News Kyrgyzstan Scaling Up Access Hepatitis

How to expand not only the number of service sites, but also the range of services? Kyrgyzstan’s experience in scaling up access to viral hepatitis treatment programme

Feb 15 4min read

A year and a half ago, Kyrgyzstan launched a programme to provide universal access to hepatitis B vaccination, as well as treatment for hepatitis B and C. Below we describe in detail about the successes, challenges and why the country decided to involve family medicine centres in the provision of viral hepatitis services in our material.

WHAT IS THE PROGRAMME AIMED AT AND WHO DOES IT COVER?

Before 2000, vaccination against hepatitis B was not a part of the vaccination calendar, and therefore Kyrgyz citizens born before 2000 were not vaccinated against hepatitis B. Now the country has launched a national state vaccination campaign: those who have not been vaccinated can receive the vaccine at any family medicine centre.

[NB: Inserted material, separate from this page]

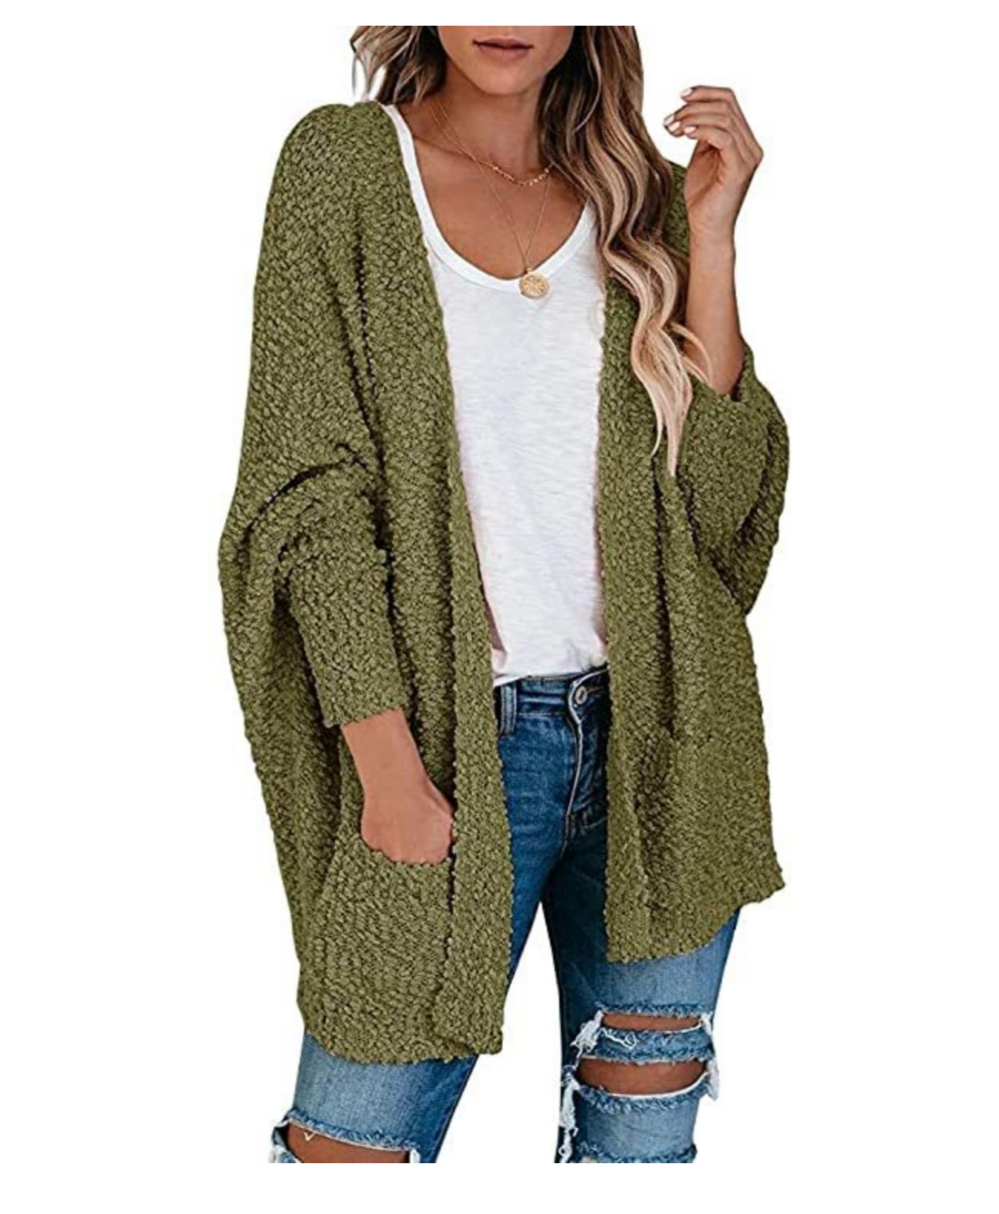 Amazon Fashion ~ Fall Sweaters - Uplifted Beauty

This has become possible thanks to the efforts of the Ministry of Health and the Republican Centre for the Control of Haemocontact Viral Hepatitis and HIV (in Russian – Республиканский центр по контролю за гемоконтактными вирусными гепатитами и вирусом иммунодефицита человека МЗ КР).

Screening for viral hepatitis B and C has also recently become available, and in case of a positive immunoenzyme test, a confirmatory PCR (Polymerase Chain Reaction) test can be taken and treatment provided, either at the same family medicine centres or at the Viral Hepatitis and HIV Control Centres (formerly – AIDS Centres). Moreover, the most effective drugs for the treatment of hepatitis B and C (Entecavir, Tenofovir and Sofosbuvir/Velpatasvir) have recently been procured in accordance with the national protocol, and primary health care facilities are already provided with the necessary reagents and rapid tests, which guarantees the practical implementation of the reform.

WHAT WAS IT LIKE BEFORE?

Before, viral hepatitis diagnosis and treatment services were available only for people living with HIV on the basis of AIDS Centres. And when the introduction of hepatitis B and C treatment for the general population began, it was immediately decided to provide these services at the level of primary medicine. AIDS Centres simply could not cope with the influx of clients and providing services at the primary level makes services more accessible to people living in the regions.

As before, medicines are procured centrally and then distributed to family medicine centres. It allows people to be treated locally and free of charge.

WHO ENSURED SUCH CHANGES?

In order to transform the system of diagnosis and treatment of viral hepatitis, series of Ministry of Health orders were adopted at the end of 2022 and the beginning of 2023.First of all, there was a thorough revision of the relevant guidelines, as well as the definition of criteria and population groups – who need vaccination, testing and treatment.

Aibar Sultangaziev is the head of “Partner Network” Association and an international expert on good governance in the field of public health, intellectual property and access to HIV/TB/HCV treatment with many years of experience in coordinating national programmes for key populations and PLWH in Kyrgyzstan. He participated both in defining the list of documents for launching the new programme and directly in the development of these documents.

WHAT ARE THE DIFFICULTIES AND CHALLENGES FOR THE FUTURE?

“In a year and a half, the effect of the reform is very significant and evident. We are already seeing a number of improvements in access to services involving primary care. But there are also some barriers – which we should overcome as soon as possible,” Mr Aybar believes, pointing to the following processes:

  1. Untimely procurement of reagents by family medicine centres and the lack of regulations on payments for hepatitis diagnostics to the budgets of these centres by the Compulsory Health Insurance Fund. Not so long ago, there were cases when late procurement led to interruptions in the availability of reagents for PCR analysis, and people were unable to receive free confirmation of diagnosis for several months. Family medicine centres often solved the problem by referring patients to private laboratories for paid services: this is not a solution as such, as it does not contribute to reducing the economic burden on patients and contradicts the concept of UHC.
  2. Another challenge is the lack of family doctors who have specialised in hepatitis treatment. Like local procurement management, this too needs to be improved so that family medicine centres can provide fully qualified medical services.

Free hepatitis treatment has recently been enshrined in law in the country – the Law on the Protection of Citizens’ Health has been adopted, which in 2024 should lead to a revision of the state guarantee programme and thus additional resources for the programme on universal access to hepatitis B vaccination and hepatitis B and C treatment. Without increased and stable funding, the full range of hepatitis-related services cannot be realised.